Viyana’nın yeni gelen AB vatandaşlarını kucaklıyor! Ya Türkiye?
Viyana, AB ülkelerinden gelen göçmenler için cazip bir şehir olmaya devam ediyor. Viyana şehri, Viyana'ya yeni gelenlere destek oluyor. İlk önce haber sonra analiz.
VİYANA. Avusturya İstatistik Kurumu’nun bugün yayınladığı 2025 nüfus verileri, Viyana’ya gelen göçün AB ülkelerinden gelen insanlardan oluşmaya devam ettiğini gösteriyor. Viyana nüfusunun %15,28’i Avusturya vatandaşı olmayan AB vatandaşlarıdır ve bunların çoğu iyi eğitimli uzman işgücüdür. 2024 yılında Viyana’ya yeni taşınan AB vatandaşlarının en önemli beş menşe ülkesi Almanya, Romanya, Macaristan, Bulgaristan ve İtalya’dır.
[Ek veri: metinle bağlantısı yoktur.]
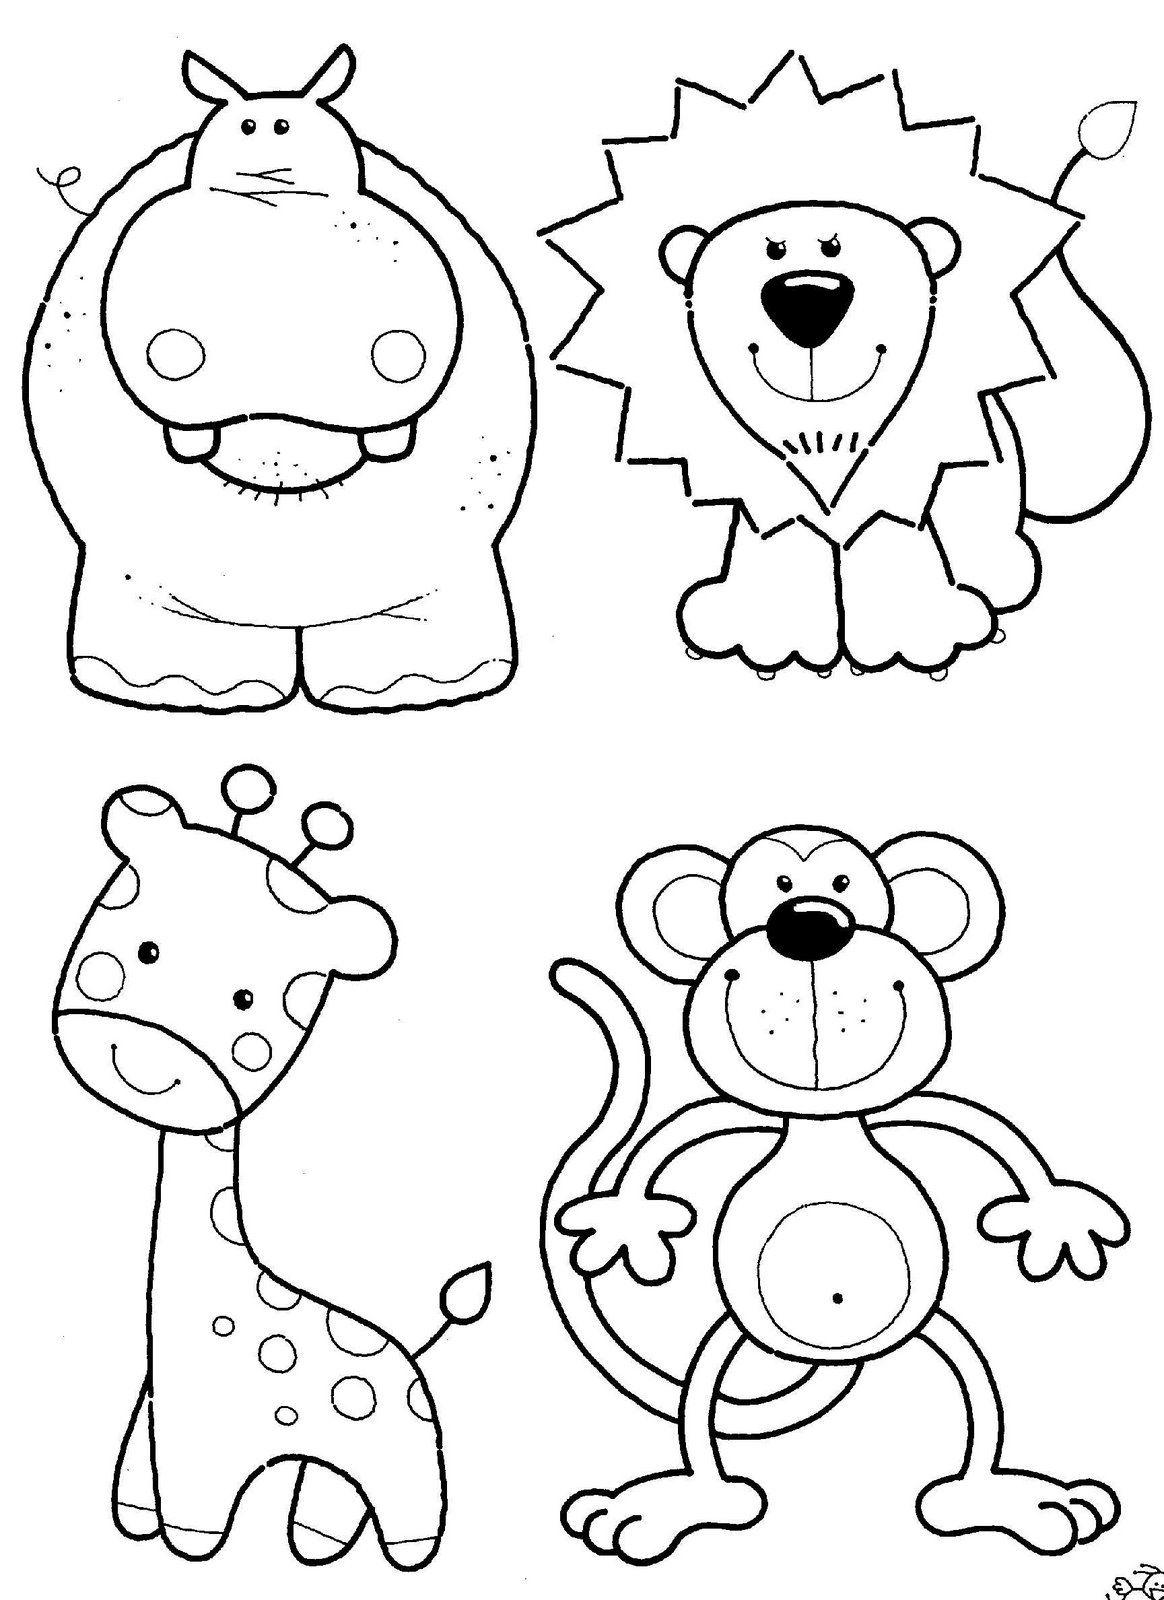 Animales selva | Dibujos | Pinterest | Servir, Espere y Molde
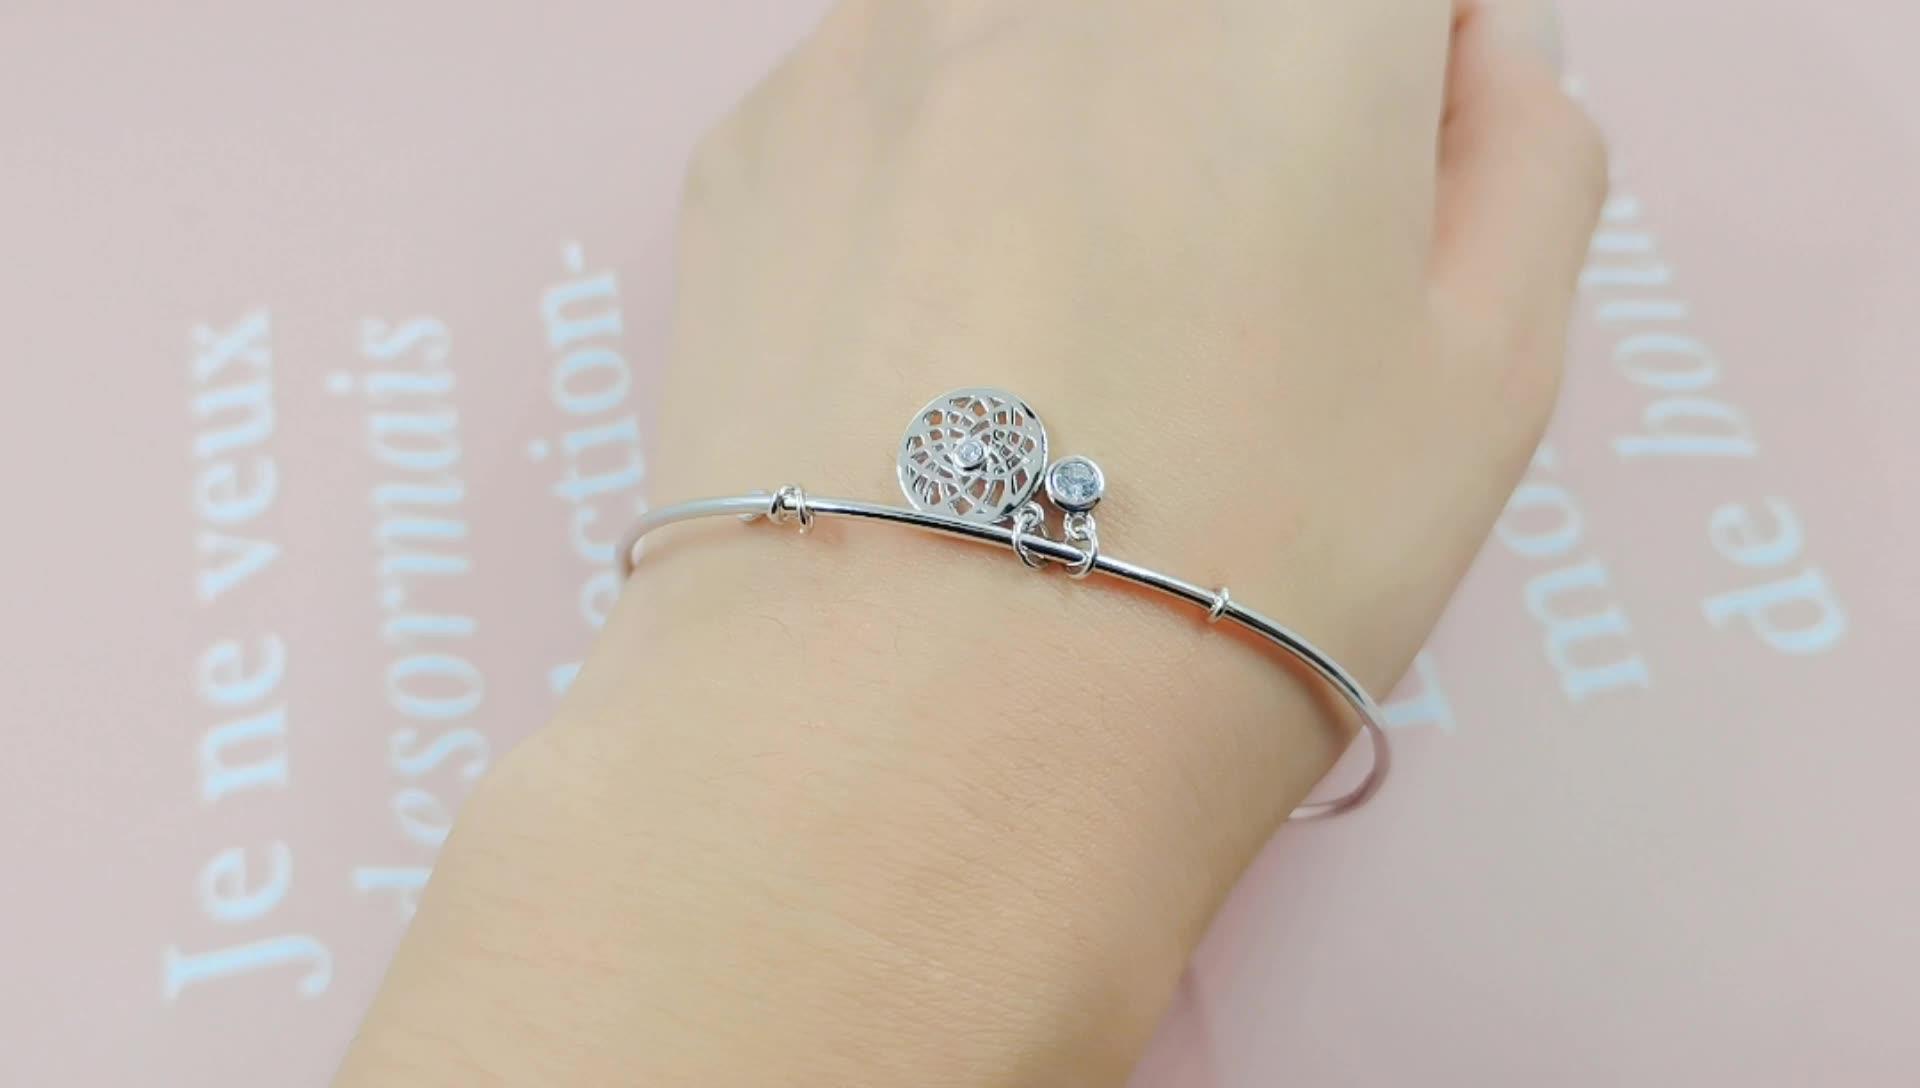 Hip hop style women men sterling silver jewelry bangle for season flower pendant charm bangle

Viyana Belediyesi, “StartWien” adlı eşlik programı ile göçmen uzman işgücü ve ailelerinin Viyana’ya hızlı bir şekilde uyum sağlamasına destek oluyor.
Şu anda Viyana’da çalışılan saatlerin %47’si göçmen kökenli Viyanalılar tarafından gerçekleştirilmektedir. „Viyana toplumu ve ekonomisi, göçmenlerin ve onların çocuklarının katkıları olmadan bugün düşünülemez. StartWien eşlik programı ile tüm yeni göçmenlerin şehrimize girişlerini kolaylaştırmak ve buraya uyum sağlamaları için en iyi şekilde destek olmak istiyoruz“ diyor Belediye Başkan Yardımcısı ve Entegrasyondan Sorumlu Meclis Üyesi Bettina Emmerling.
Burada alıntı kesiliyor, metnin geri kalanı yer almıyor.